There are differences in age distribution of breast cancer among ethnic groups. These differences make it unlikely that current breast cancer screening recommendations apply equally to every woman in the United States.
Race/Ethnicity and Age Distribution of Breast Cancer Diagnosis in the United States
Authors: Stapleton, S.M., Tawakalitu O. Oseni, et. al.
Source: JAMASurgery Research Letter published online 7 March 2018
Recommendations for breast cancer screening have been updated within the past 10 years, and debates continue about them. The investigators point out that the recommendations were derived from studies and statistics of patients who were mostly white. They suspected that the experiences of breast cancer among nonwhite women in the US would lead to different breast cancer screening recommendations for these groups.
Using a national database, this study evaluated over 747,000 women diagnosed with breast cancer over a 37 year period. Seventy seven percent of the women were white; 9.3% were black; 7% were Latina and 6.2% were Asian. They found that the peak ages of breast cancer among white women were the 60s, while the peak ages among nonwhite women were the 40’s. Moreover, a higher percentage of nonwhite women present with advanced stages of breast cancer at the time of diagnosis.

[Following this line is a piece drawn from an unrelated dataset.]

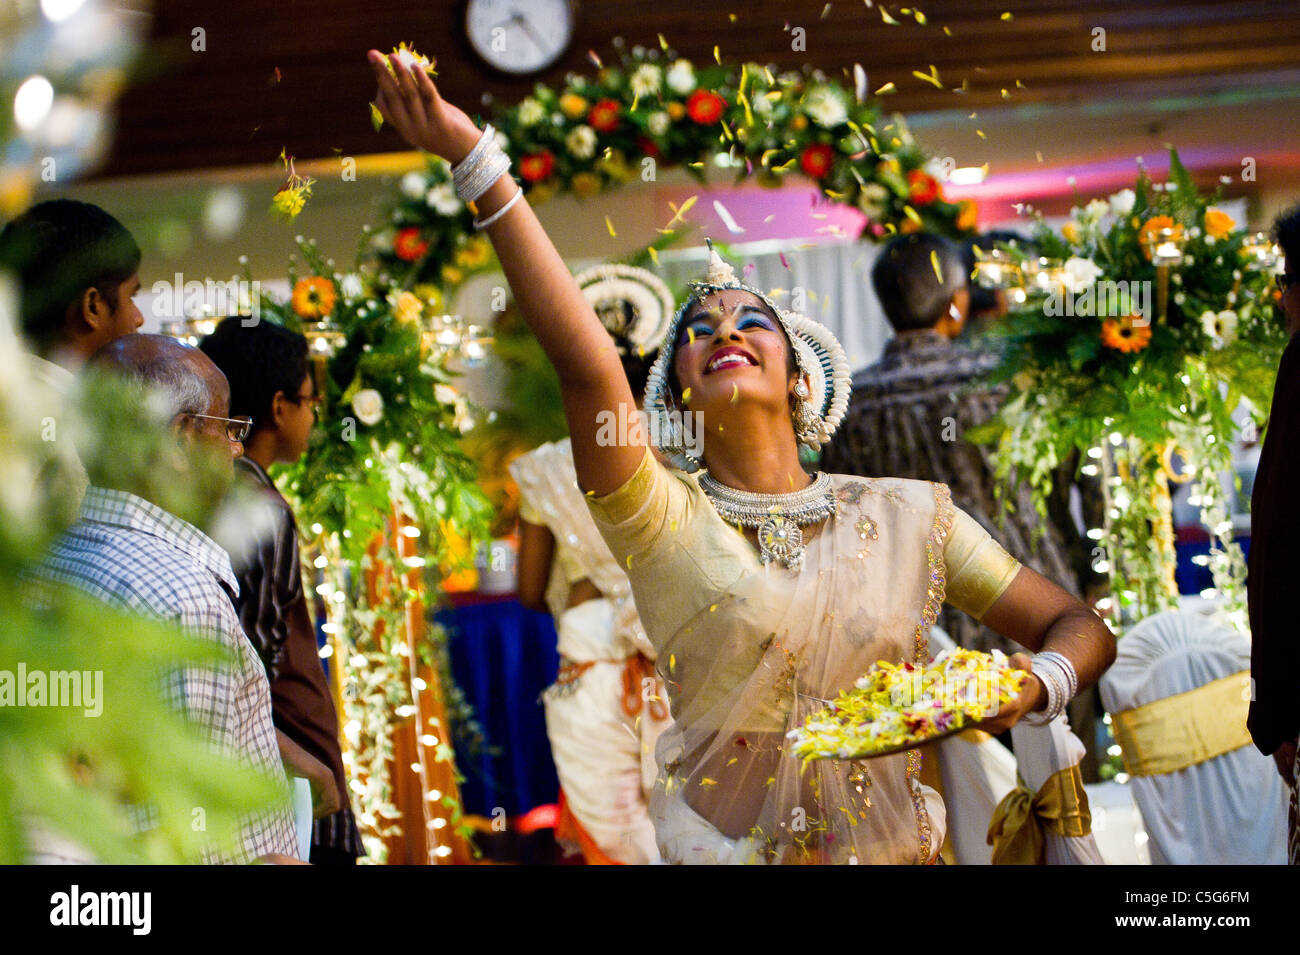 Danseurs lors d'une réception de mariage indien Banque D'Images

For white women, the median age at breast cancer diagnosis was 59. The median age for black women was 56. It was 55 and 56 for Latina and Asian women, respectively. Looking within each age group for cases of breast cancer diagnosed younger than age 50, higher proportions of black, Latina and Asian women were affected (31%, 35%, 33%) than were white women (24%).
The researchers note that breast cancer screening programs for black and Asian women would have to start at age 47, and a screening program for Latinas would have to start at age 46 to show the same health benefits of a screening program that is recommended to start at age 50 for white women.
This study supports tailoring breast cancer screening recommendations depending upon a woman’s ethnicity. It also brings attention to the need for more diverse populations in scientific studies. Data that is collected from a largely homogeneous group cannot apply to a heterogeneous population.